Question

How do you evaluate $\cos \left( \text{arcsin}\left( \dfrac{3}{5} \right) \right)$?

Answer 1

In this problem we need to calculate the value of $\cos \left( \text{arcsin}\left( \dfrac{3}{5} \right) \right)$. In the given function we can observe the $\text{arcsin}$ function which is nothing but the inverse trigonometric function of $\sin$, mathematically it is ${{\sin }^{-1}}$ function. So, we will assume the ${{\sin }^{-1}}$ function to be a variable, say $y$. Now we will apply the trigonometric function $\sin$ on both sides of the equation and simplifies the equation to get the value of $\sin y$. After calculating the value of $\sin y$. We will use the trigonometric identity ${{\sin }^{2}}x+{{\cos }^{2}}x=1$ to find the value of $\cos y$ which is nothing but our required value.

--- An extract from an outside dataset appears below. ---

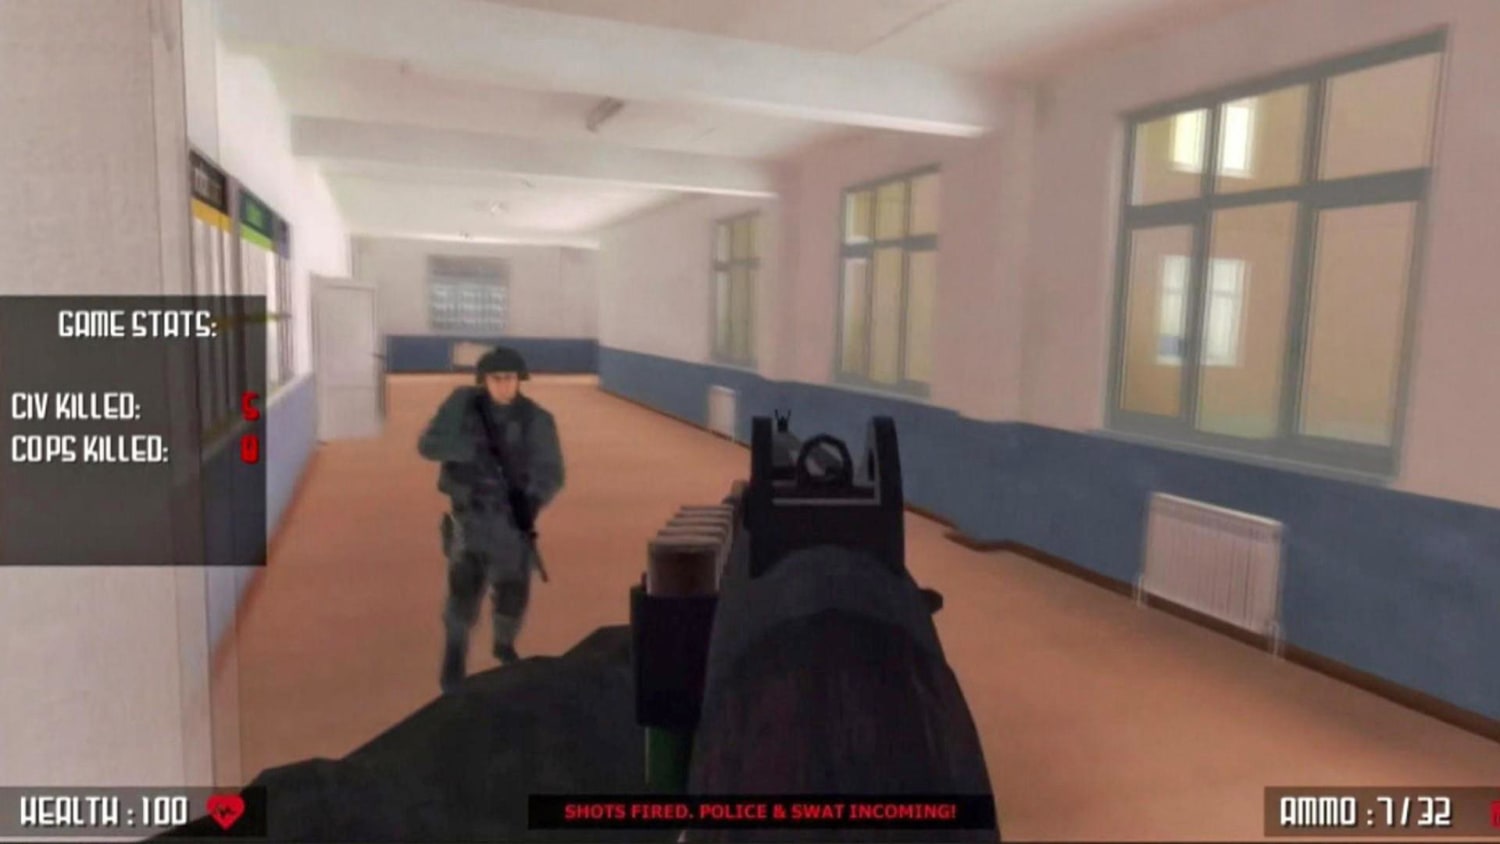 Active Shooter video game pulled from platform after outcry
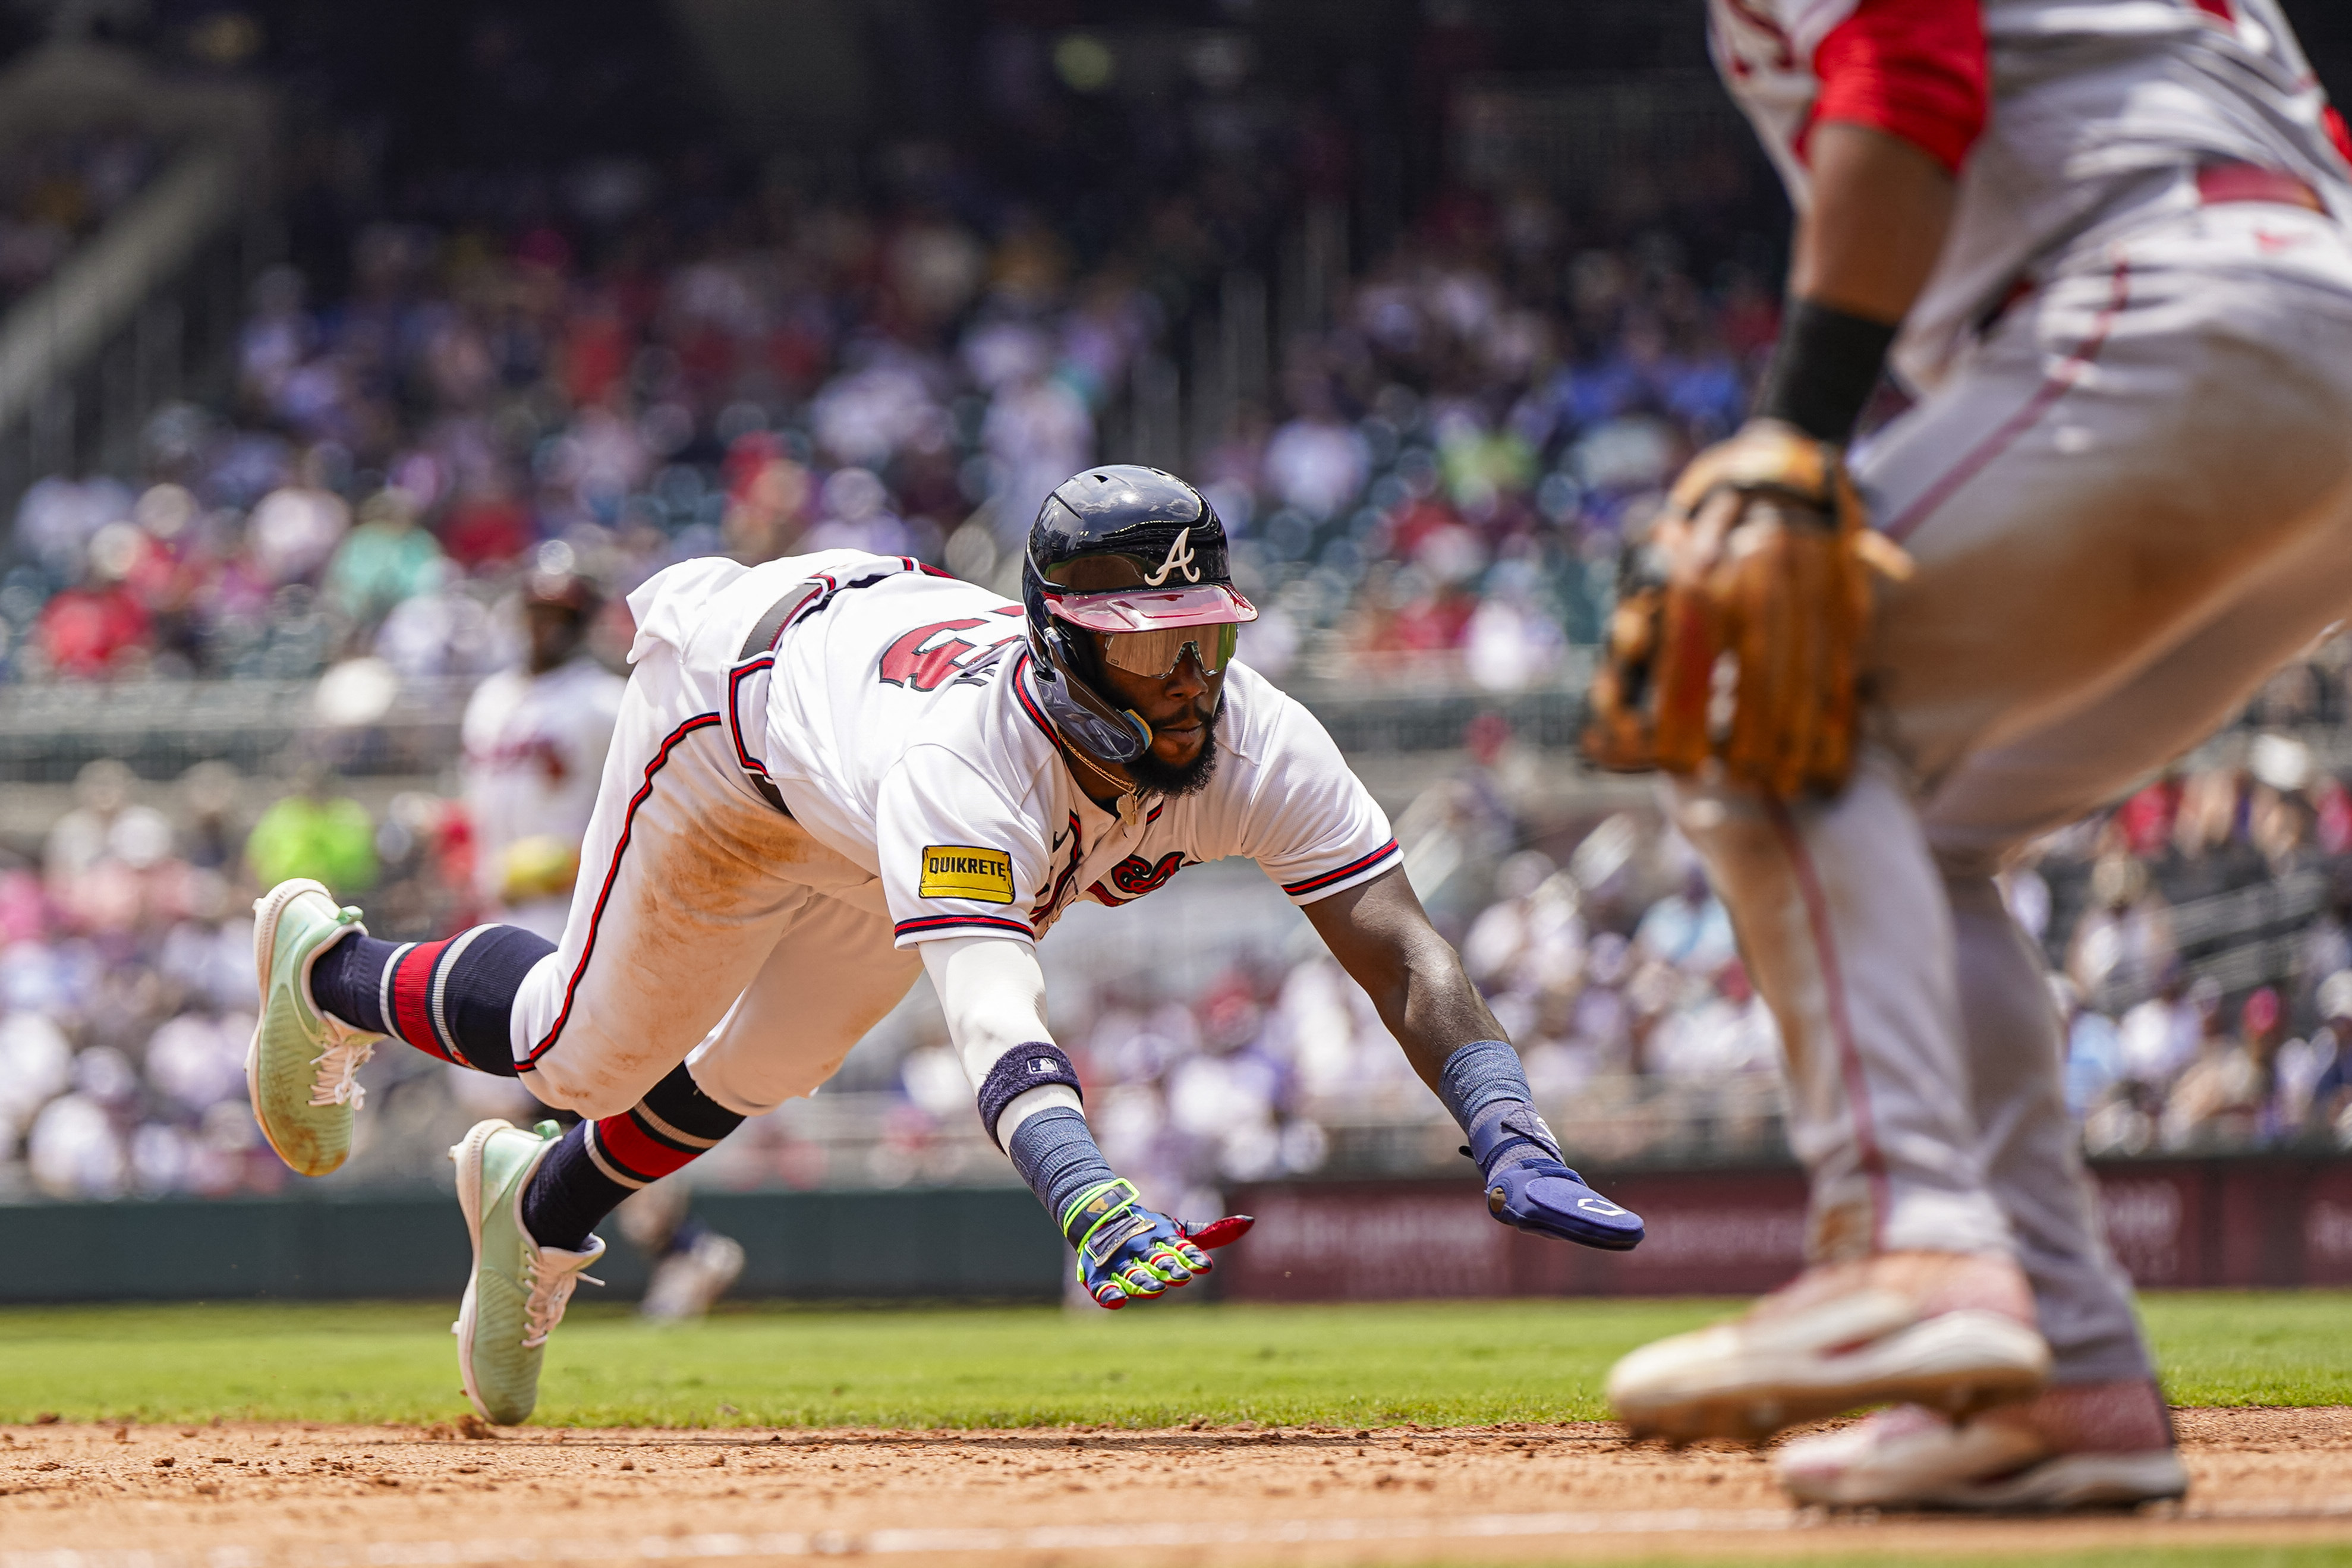 O'Neill's 3-run HR in 8th Lifts Cardinals Over Braves 6-3 - Bloomberg

Complete step by step answer:
Given that, $\cos \left( \text{arcsin}\left( \dfrac{3}{5} \right) \right)$.
In the above equation $\text{arcsin}$ function is nothing but the ${{\sin }^{-1}}$ function. So, we are replacing it in the above equation, then we will get
$\cos \left( \text{arcsin}\left( \dfrac{3}{5} \right) \right)=\cos \left( {{\sin }^{-1}}\left( \dfrac{3}{5} \right) \right)$
Considering the function ${{\sin }^{-1}}$ individually, and assuming it to a variable say $y$, then we will get
$y={{\sin }^{-1}}\left( \dfrac{3}{5} \right).....\left( \text{i} \right)$
Applying the trigonometric function $\sin$ on both sides of the above equation, then we will get
$\Rightarrow \sin \left( y \right)=\sin \left( {{\sin }^{-1}}\left( \dfrac{3}{5} \right) \right)$
We know that the value of $\sin \left( {{\sin }^{-1}}\left( x \right) \right)={{\sin }^{-1}}\left( \sin \left( x \right) \right)=x$, then we will get
$\Rightarrow \sin y=\dfrac{3}{5}$
From the trigonometric identity ${{\sin }^{2}}x+{{\cos }^{2}}x=1$, we can write the value of $\cos y$ as
$\cos y=\sqrt{1-{{\sin }^{2}}y}$
Substituting the value of $\sin y=\dfrac{3}{5}$ in the above equation, then we will get
$\begin{aligned} & \cos y=\sqrt{1-{{\left( \dfrac{3}{5} \right)}^{2}}} \\\ & \Rightarrow \cos y=\sqrt{1-\dfrac{9}{25}} \\\ \end{aligned}$
Simplifying the above equation by taking LCM, then we will have
$\begin{aligned} & \Rightarrow \cos y=\sqrt{\dfrac{25\times 1-9}{25}} \\\ & \Rightarrow \cos y=\sqrt{\dfrac{16}{25}} \\\ \end{aligned}$
We can write $16={{4}^{2}}$, $25={{5}^{2}}$. Now the above equation is modified as
$\begin{aligned} & \Rightarrow \cos y=\sqrt{{{\left( \dfrac{4}{5} \right)}^{2}}} \\\ & \Rightarrow \cos y=\dfrac{4}{5} \\\ \end{aligned}$
From equation $\left( \text{i} \right)$, substituting the value of $y$ in the above equation, then we will get

$\therefore \cos \left( {{\sin }^{-1}}\left( \dfrac{3}{5} \right) \right)=\dfrac{4}{5}$

Note: In this problem we have the used the trigonometric identity ${{\sin }^{2}}x+{{\cos }^{2}}x=1$ after calculating the value of $\sin y$. We can also follow another method for finding the solution after calculating $\sin y$, which is by using the basic definition of trigonometric ratio $\sin x$ we will compare it with the value of $\sin y$. Now we will construct a right-angled triangle with the data we have from the above comparison and try to calculate the remaining data by using the Pythagoras theorem. After having all the data of the triangle, we can use definitions of basic trigonometric ratios and calculate whatever ratio we want.